Kudos to the OP on getting a partial answer with an elaborate regex. It turns out you can do this more explicitly with more clear regex and without groupby .

splitlines

We attempt to parse the input string into tuples. We do this with re.split which leaves behind extra elements we don't need.

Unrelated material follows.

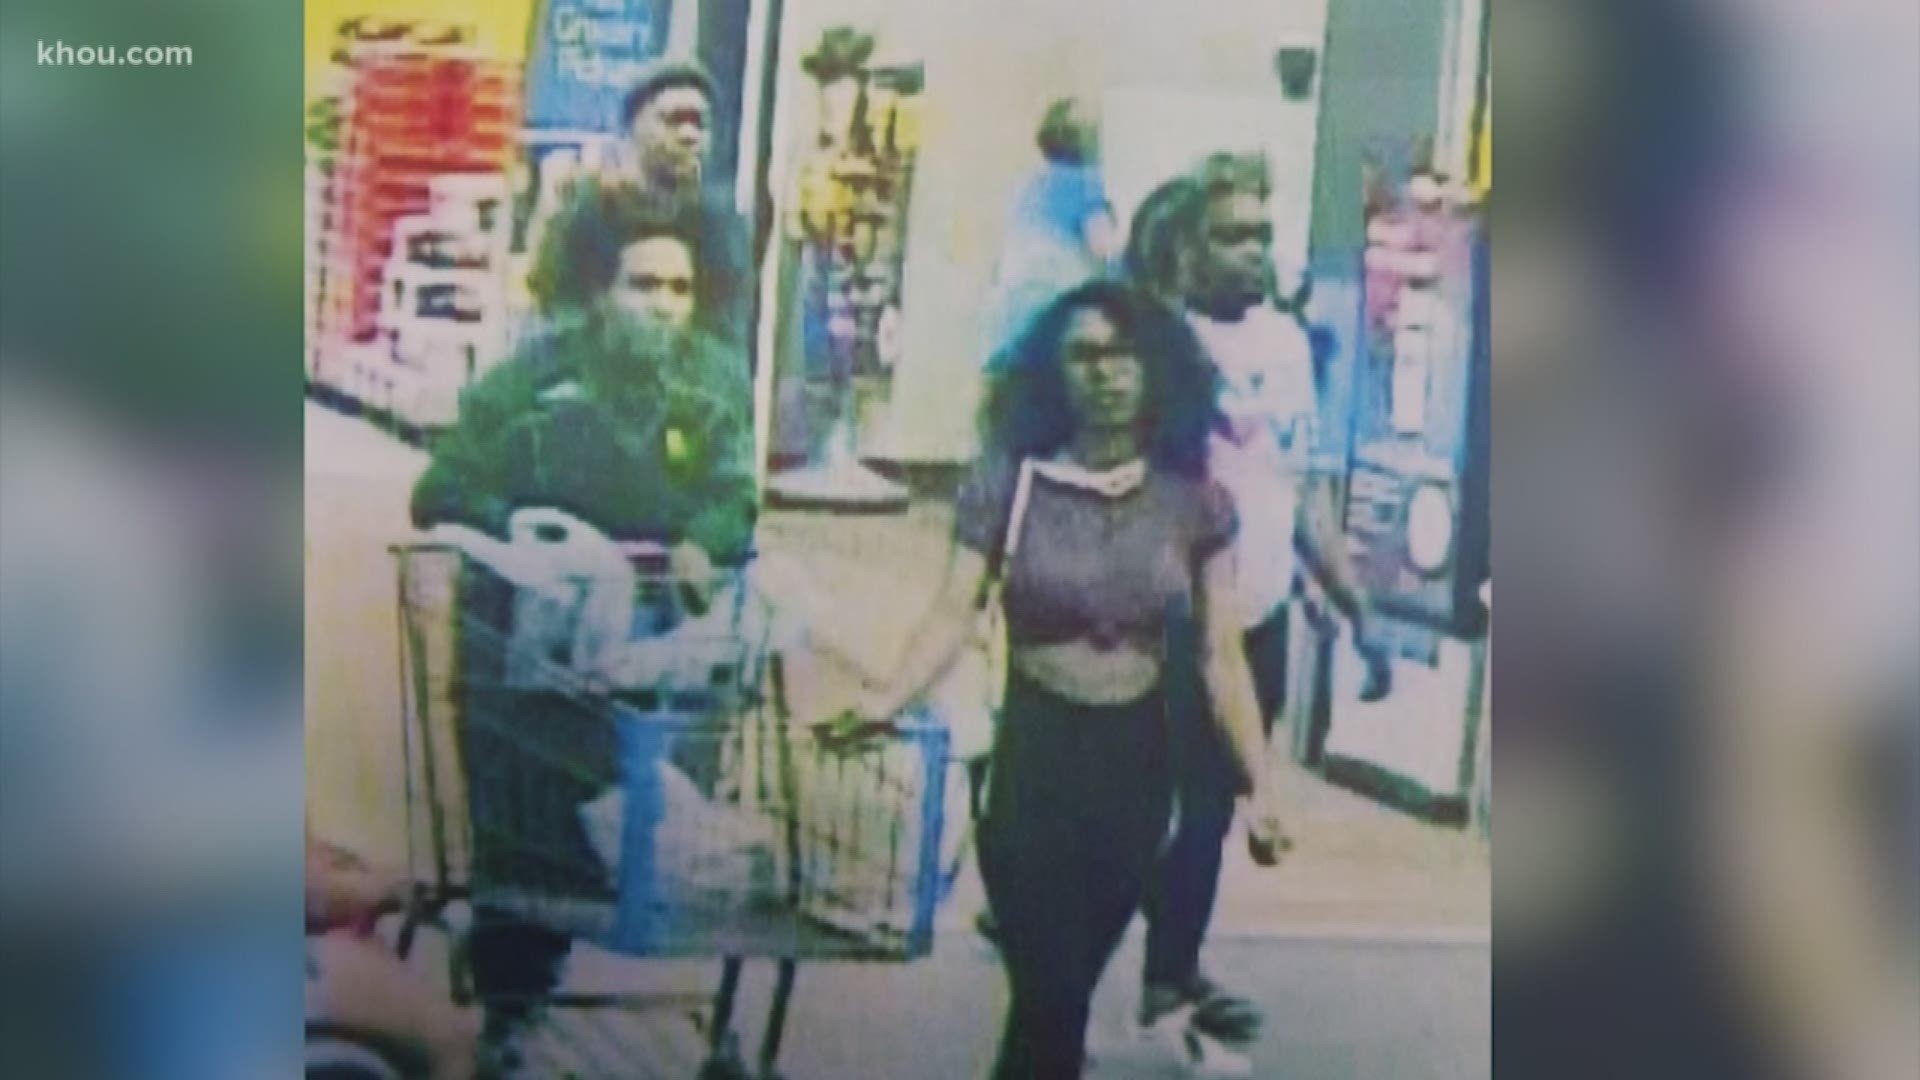 Police are looking for the woman seen licking Blue Bell ice cream from the carton then putting it back on the store shelf in a viral video. They are also looking for the man who recorded the video.

These extras are cleaned up with filter and by unpacking into (id_, status, time) where time is parsed as a datetime object. The results are tuples of parsed lines. Example:

splitlines("AWS-1 - opened at Jan 23 2010 10:30:08AM")
# (('AWS-1', 'opened', datetime.datetime(2010, 1, 23, 10, 30, 8)),)

pairwise_records

We sort the tuples by id and datetime . Sorting by time will naturally align pairs in order. Example, if something opens at 9 AM, it must close at some future time; time is naturally sorted. Finally, we use a "trick" with iterators to pair the results together.